= Return on modeling effort =

Financial and engineering term

Return on modelling effort (ROME) is the benefit resulting from a (supplementary) effort to create and / or improve a model.

== Purpose ==
In engineering, modelling always serves a particular goal. For example, the lightning protection of aircraft can be modelled as an electrical circuit, in order to predict whether the protection will still work in 30 years, given the ageing of its electrical components. More and more effort can be put in making this model predict reality perfectly. However, this perfection comes at a price: researchers invest time and money in improving the model. As a Return on investment (ROI), the ROME is a metric for the use of further modelling. It may therefore serve as a 'stopping criterion'.

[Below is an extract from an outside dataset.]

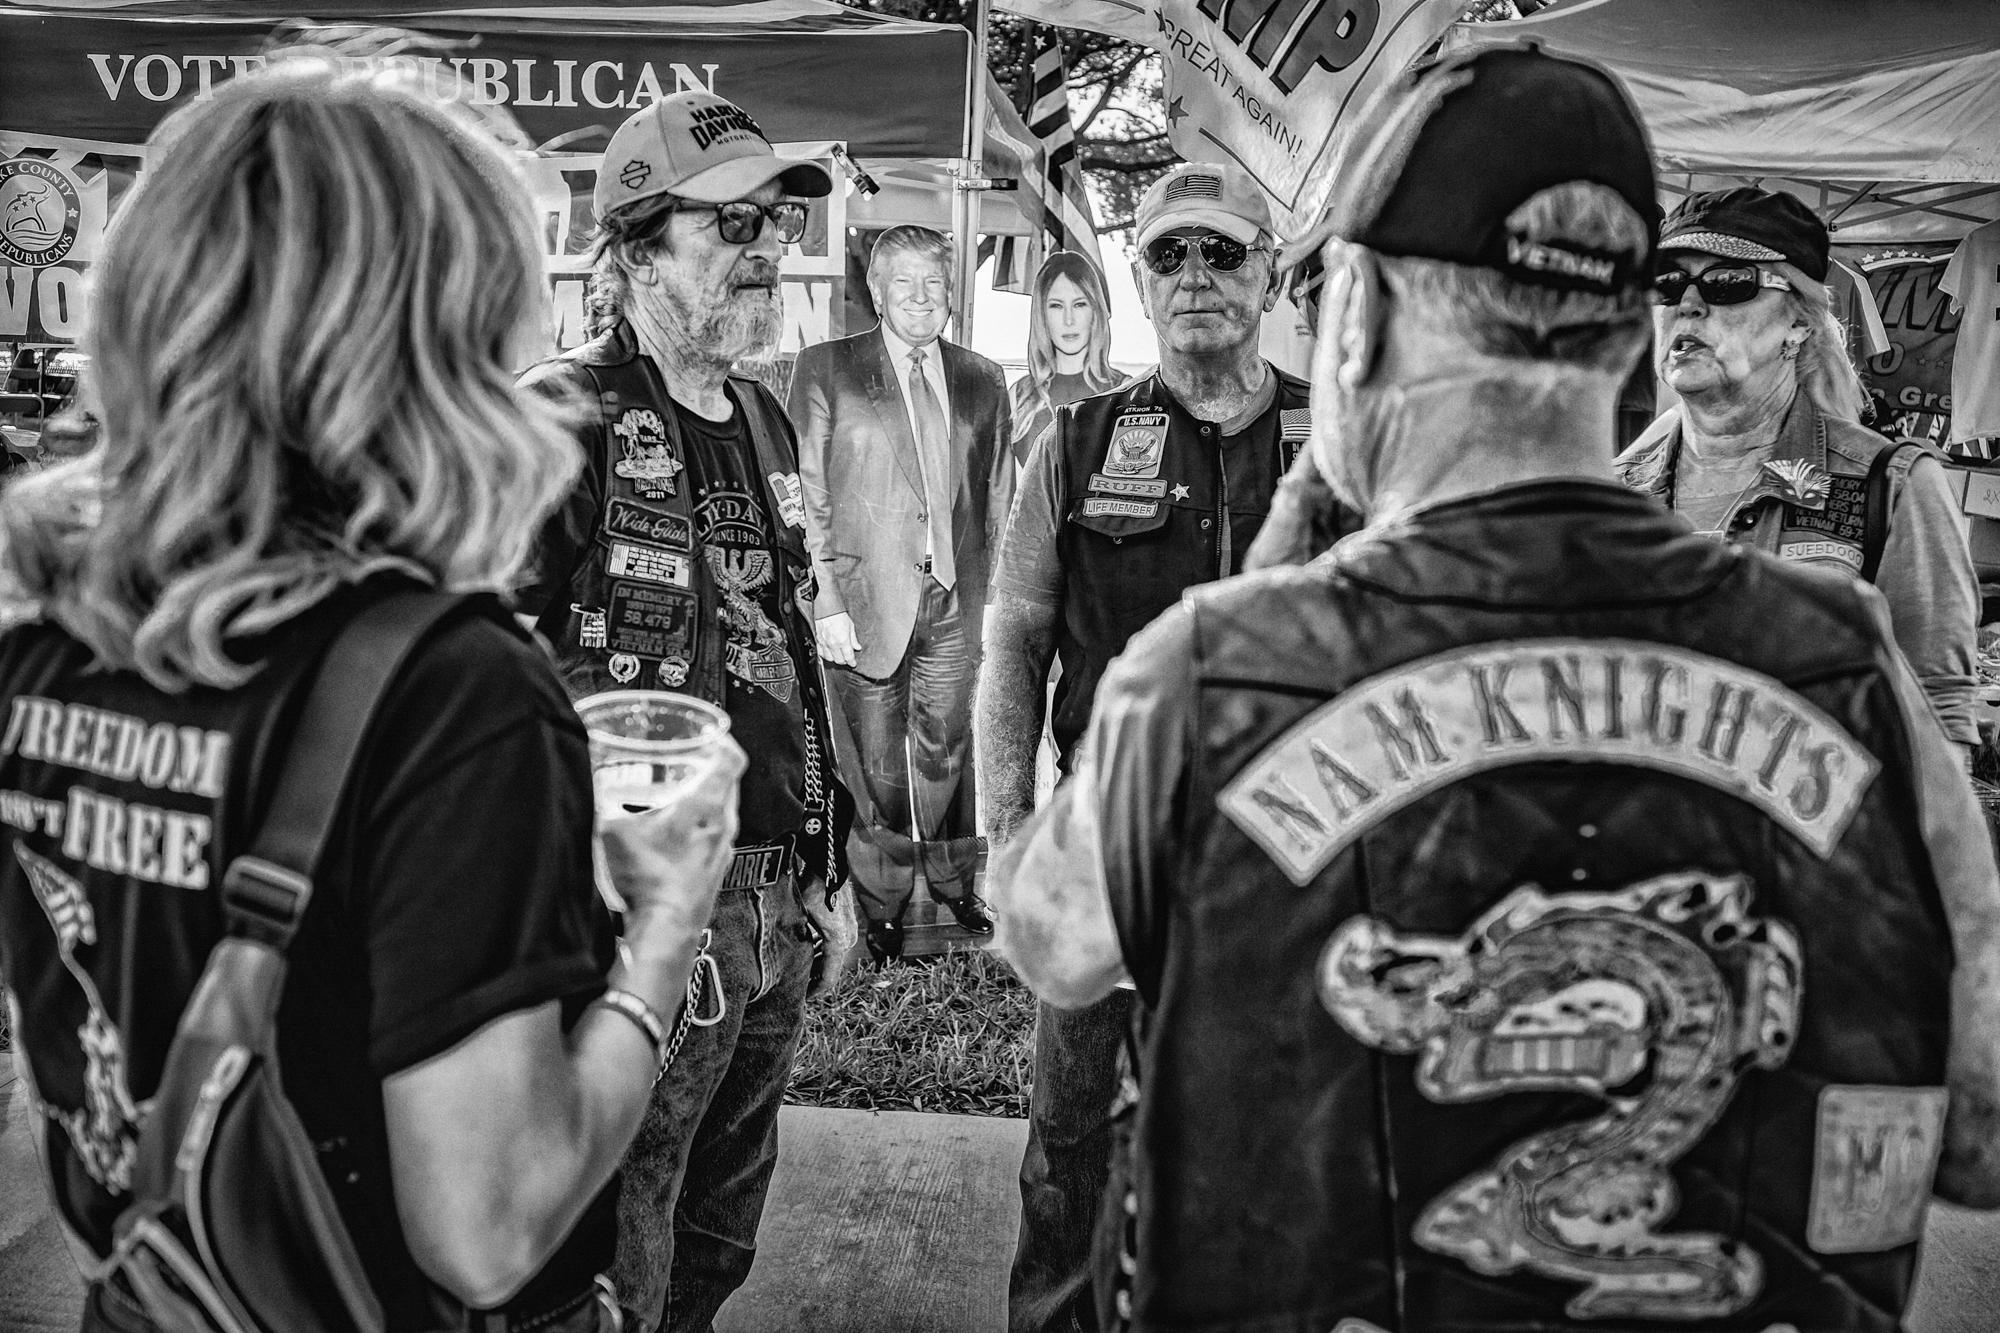 The American Biker - Veterans with Don & Melania, Eustis, FL, 2020

Typically, researchers will pull towards continuing modelling, while management will pull towards stopping modelling. Being explicit about the cost and benefits of continued modeling may help to make informed decisions that are understood by both sides. Continuous communication between model developers and model users increases the probability of models being actually put to profit.

== Domains ==
ROME is a metric, which can be evaluated wherever modelling is performed with a quantifiable goal. Examples include:
- Modeling the impact of federal policy on social problems.
- Modeling a marketing mix to statistically correlate a number of inputs (or independent variables) – such as a marketing campaign – to outcomes (or dependent variables) – such as sales or profits.
- Modeling the links between enterprise actors to make an informed choice on splitting organizations.
- Modeling the coupling of an electromagnetic interference to a PCB to reduce its susceptibility by improving the routing of traces.

== Research ==
The initiative "Models at Work" studies the creation, management and use of domain models in scientific and industrial practice, aiming at a diversity of goals, varying from (as truthful as possible) representation of the conceptual structure of the domain that is modelled, via animation, simulation, execution and gamification, until automated (logic-based) reasoning.